When I thought about these two comments and news about the auction, I felt the second person who objected to the upcoming artists remark ignored the realities of the art world.

Recently when I saw the installation work of a famous Indian artist, I didn't know what to say. He put a basket full of fruits on a table and wanted us to believe that it was a good creative piece. Don't we see baskets full of fruits on tables in every Indian home and on corners of every street here? Then he put some items on a steel plate on a table and said it was another work of installation. If I put some food on a steel plate on a table and say it is an installation work what would the elite established forces here say? "Trash" is the word they use. Then why are these famous artists creating works of such kind? I read somewhere that if you are a famous artist even a straight line drawn by you on a piece of paper will become a great work of art and fetch you millions! Does that mean as soon as you become famous you can forget about quality of your work?

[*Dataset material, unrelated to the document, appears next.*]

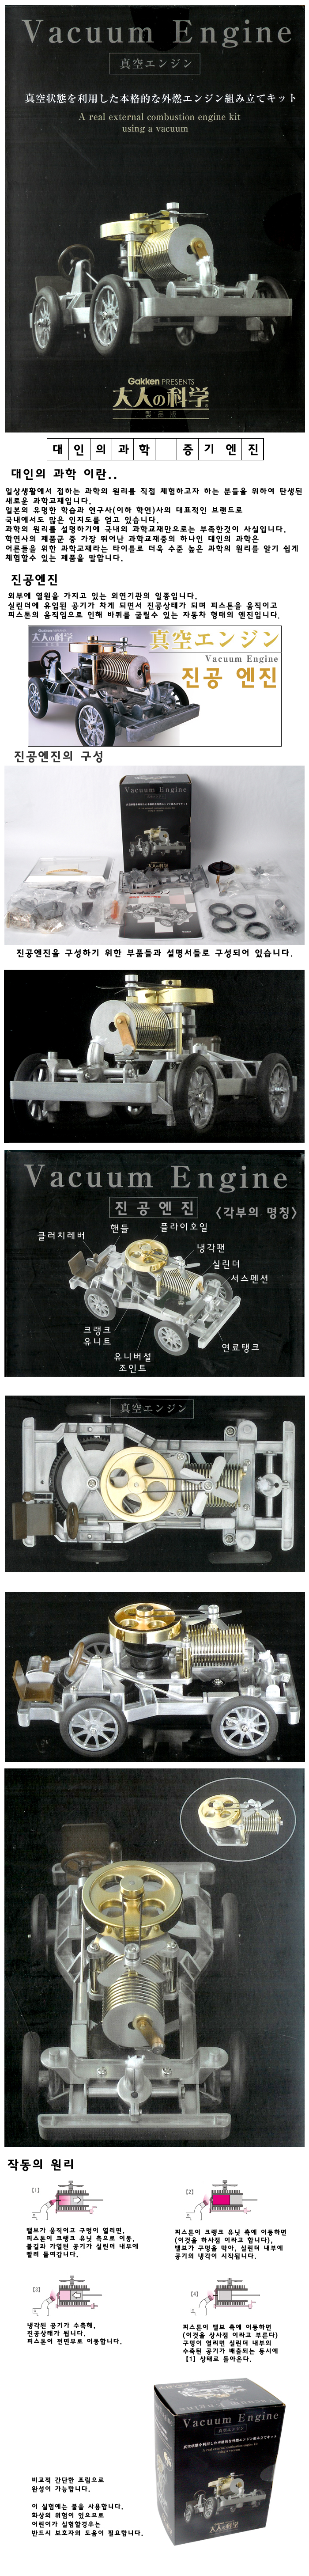 engine image.jpg

A person who writes blogs on Indian art* takes into account the number of foreign shows an artist did to measure the success of that artist. How many poor Indian artists can organize foreign shows? You can have several of them in your CV only if your father is a millionaire. You can compete only when there is a level playing field. The poor artists time will get wasted in leveling the field. When will he get time to compete? Some great pieces created by poor & upcoming artists overcoming all the hurdles usually go unnoticed as they cannot advertise and market them. Whereas ordinary works by some rich and famous artists will be treated as "great works of art". I am sure the same happens in the rest of the world too. The truth is there is no justice here.
As long as injustice thrives, some people will definitely cry and complain. Why object to it?


*The title of the series of these blogs is "Indian Art Review". After reading these blogs I felt the writer should have given the title "Indian Elite Art Review" because they don't represent true Indian art. But sadly the world thinks what this person says is true and good because it doesn't know the truth!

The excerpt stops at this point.